=== DATASET RECORDS ===
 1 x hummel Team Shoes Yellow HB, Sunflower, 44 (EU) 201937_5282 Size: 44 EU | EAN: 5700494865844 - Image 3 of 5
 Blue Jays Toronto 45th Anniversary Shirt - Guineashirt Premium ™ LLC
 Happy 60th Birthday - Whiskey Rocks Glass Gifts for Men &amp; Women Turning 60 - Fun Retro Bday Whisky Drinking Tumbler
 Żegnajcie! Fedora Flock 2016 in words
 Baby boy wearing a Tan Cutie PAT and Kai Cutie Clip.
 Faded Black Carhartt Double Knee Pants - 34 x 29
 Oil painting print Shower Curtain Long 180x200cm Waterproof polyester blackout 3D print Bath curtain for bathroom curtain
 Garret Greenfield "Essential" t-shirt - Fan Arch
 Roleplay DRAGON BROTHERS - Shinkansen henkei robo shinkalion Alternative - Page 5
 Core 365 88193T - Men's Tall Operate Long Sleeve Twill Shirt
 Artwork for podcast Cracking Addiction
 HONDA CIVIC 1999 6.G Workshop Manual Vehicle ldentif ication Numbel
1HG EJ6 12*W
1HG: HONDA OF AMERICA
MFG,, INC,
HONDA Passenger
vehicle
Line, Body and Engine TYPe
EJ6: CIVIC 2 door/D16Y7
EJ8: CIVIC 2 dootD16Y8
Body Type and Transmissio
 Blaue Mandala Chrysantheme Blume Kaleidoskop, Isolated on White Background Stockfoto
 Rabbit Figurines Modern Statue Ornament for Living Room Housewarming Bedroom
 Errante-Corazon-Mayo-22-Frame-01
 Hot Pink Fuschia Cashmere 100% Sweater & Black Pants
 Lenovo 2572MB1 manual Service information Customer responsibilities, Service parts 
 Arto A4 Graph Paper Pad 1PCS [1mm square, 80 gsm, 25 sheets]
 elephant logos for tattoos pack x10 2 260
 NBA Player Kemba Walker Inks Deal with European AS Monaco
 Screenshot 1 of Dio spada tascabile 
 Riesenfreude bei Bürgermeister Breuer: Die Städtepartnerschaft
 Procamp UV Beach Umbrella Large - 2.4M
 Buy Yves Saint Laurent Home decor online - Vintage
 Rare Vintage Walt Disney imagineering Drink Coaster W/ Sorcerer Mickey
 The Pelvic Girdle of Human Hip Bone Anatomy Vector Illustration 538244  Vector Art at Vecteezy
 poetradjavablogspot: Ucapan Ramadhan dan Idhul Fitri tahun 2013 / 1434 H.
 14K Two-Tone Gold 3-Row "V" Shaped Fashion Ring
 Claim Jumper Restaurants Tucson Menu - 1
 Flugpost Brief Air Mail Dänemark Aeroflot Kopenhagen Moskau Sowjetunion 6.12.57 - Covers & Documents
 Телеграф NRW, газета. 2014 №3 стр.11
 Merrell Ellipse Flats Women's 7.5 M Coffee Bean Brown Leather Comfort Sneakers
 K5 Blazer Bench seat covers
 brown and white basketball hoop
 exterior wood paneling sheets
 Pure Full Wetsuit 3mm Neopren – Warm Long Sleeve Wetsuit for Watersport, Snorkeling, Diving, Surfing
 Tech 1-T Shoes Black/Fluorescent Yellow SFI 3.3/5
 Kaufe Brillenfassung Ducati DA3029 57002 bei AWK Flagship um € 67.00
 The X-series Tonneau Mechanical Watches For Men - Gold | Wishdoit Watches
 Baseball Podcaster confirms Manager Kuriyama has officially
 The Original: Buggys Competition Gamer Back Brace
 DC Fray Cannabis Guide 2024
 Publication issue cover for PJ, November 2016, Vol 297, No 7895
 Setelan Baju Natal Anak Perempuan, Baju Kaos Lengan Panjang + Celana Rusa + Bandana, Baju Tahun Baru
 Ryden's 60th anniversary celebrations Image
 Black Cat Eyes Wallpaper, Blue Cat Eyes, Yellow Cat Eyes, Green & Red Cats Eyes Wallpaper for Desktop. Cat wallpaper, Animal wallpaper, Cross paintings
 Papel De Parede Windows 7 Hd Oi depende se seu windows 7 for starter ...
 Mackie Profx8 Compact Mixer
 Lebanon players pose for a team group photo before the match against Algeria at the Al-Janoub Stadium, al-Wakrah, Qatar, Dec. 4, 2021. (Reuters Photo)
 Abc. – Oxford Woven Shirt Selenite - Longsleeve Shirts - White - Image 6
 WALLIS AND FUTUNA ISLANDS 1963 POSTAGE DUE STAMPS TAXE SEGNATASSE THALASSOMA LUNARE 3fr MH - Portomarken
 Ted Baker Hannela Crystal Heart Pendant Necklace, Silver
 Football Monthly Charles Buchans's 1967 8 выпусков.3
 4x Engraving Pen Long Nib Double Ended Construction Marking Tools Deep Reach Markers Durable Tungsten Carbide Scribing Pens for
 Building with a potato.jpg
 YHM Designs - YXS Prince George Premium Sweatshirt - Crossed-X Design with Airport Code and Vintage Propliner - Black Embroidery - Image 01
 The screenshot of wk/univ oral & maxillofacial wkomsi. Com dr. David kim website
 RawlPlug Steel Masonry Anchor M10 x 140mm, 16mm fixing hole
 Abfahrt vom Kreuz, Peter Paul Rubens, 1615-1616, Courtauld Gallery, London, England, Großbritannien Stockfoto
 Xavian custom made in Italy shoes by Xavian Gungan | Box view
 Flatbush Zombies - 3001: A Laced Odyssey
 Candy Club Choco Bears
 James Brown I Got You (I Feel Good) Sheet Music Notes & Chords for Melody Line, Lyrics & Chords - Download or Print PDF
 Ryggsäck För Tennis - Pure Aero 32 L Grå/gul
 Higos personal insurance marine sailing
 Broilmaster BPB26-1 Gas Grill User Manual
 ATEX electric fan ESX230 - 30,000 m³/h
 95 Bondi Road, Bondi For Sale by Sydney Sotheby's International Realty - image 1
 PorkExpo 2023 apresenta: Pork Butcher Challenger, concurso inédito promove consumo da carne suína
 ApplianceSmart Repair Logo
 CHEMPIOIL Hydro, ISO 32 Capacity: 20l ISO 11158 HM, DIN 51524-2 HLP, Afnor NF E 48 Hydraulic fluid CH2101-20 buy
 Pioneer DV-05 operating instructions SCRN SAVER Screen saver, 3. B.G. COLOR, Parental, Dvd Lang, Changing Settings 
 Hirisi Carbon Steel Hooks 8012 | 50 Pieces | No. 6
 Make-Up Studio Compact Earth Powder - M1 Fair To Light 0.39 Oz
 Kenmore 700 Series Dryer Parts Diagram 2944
===
ACTIVITY >> Everything from the line with "The X-series Tonneau" through the line with "95 Bondi Road, Bondi" in the listing above must be retyped exactly, with nothing added.

RESULT >>
 The X-series Tonneau Mechanical Watches For Men - Gold | Wishdoit Watches
 Baseball Podcaster confirms Manager Kuriyama has officially
 The Original: Buggys Competition Gamer Back Brace
 DC Fray Cannabis Guide 2024
 Publication issue cover for PJ, November 2016, Vol 297, No 7895
 Setelan Baju Natal Anak Perempuan, Baju Kaos Lengan Panjang + Celana Rusa + Bandana, Baju Tahun Baru
 Ryden's 60th anniversary celebrations Image
 Black Cat Eyes Wallpaper, Blue Cat Eyes, Yellow Cat Eyes, Green & Red Cats Eyes Wallpaper for Desktop. Cat wallpaper, Animal wallpaper, Cross paintings
 Papel De Parede Windows 7 Hd Oi depende se seu windows 7 for starter ...
 Mackie Profx8 Compact Mixer
 Lebanon players pose for a team group photo before the match against Algeria at the Al-Janoub Stadium, al-Wakrah, Qatar, Dec. 4, 2021. (Reuters Photo)
 Abc. – Oxford Woven Shirt Selenite - Longsleeve Shirts - White - Image 6
 WALLIS AND FUTUNA ISLANDS 1963 POSTAGE DUE STAMPS TAXE SEGNATASSE THALASSOMA LUNARE 3fr MH - Portomarken
 Ted Baker Hannela Crystal Heart Pendant Necklace, Silver
 Football Monthly Charles Buchans's 1967 8 выпусков.3
 4x Engraving Pen Long Nib Double Ended Construction Marking Tools Deep Reach Markers Durable Tungsten Carbide Scribing Pens for
 Building with a potato.jpg
 YHM Designs - YXS Prince George Premium Sweatshirt - Crossed-X Design with Airport Code and Vintage Propliner - Black Embroidery - Image 01
 The screenshot of wk/univ oral & maxillofacial wkomsi. Com dr. David kim website
 RawlPlug Steel Masonry Anchor M10 x 140mm, 16mm fixing hole
 Abfahrt vom Kreuz, Peter Paul Rubens, 1615-1616, Courtauld Gallery, London, England, Großbritannien Stockfoto
 Xavian custom made in Italy shoes by Xavian Gungan | Box view
 Flatbush Zombies - 3001: A Laced Odyssey
 Candy Club Choco Bears
 James Brown I Got You (I Feel Good) Sheet Music Notes & Chords for Melody Line, Lyrics & Chords - Download or Print PDF
 Ryggsäck För Tennis - Pure Aero 32 L Grå/gul
 Higos personal insurance marine sailing
 Broilmaster BPB26-1 Gas Grill User Manual
 ATEX electric fan ESX230 - 30,000 m³/h
 95 Bondi Road, Bondi For Sale by Sydney Sotheby's International Realty - image 1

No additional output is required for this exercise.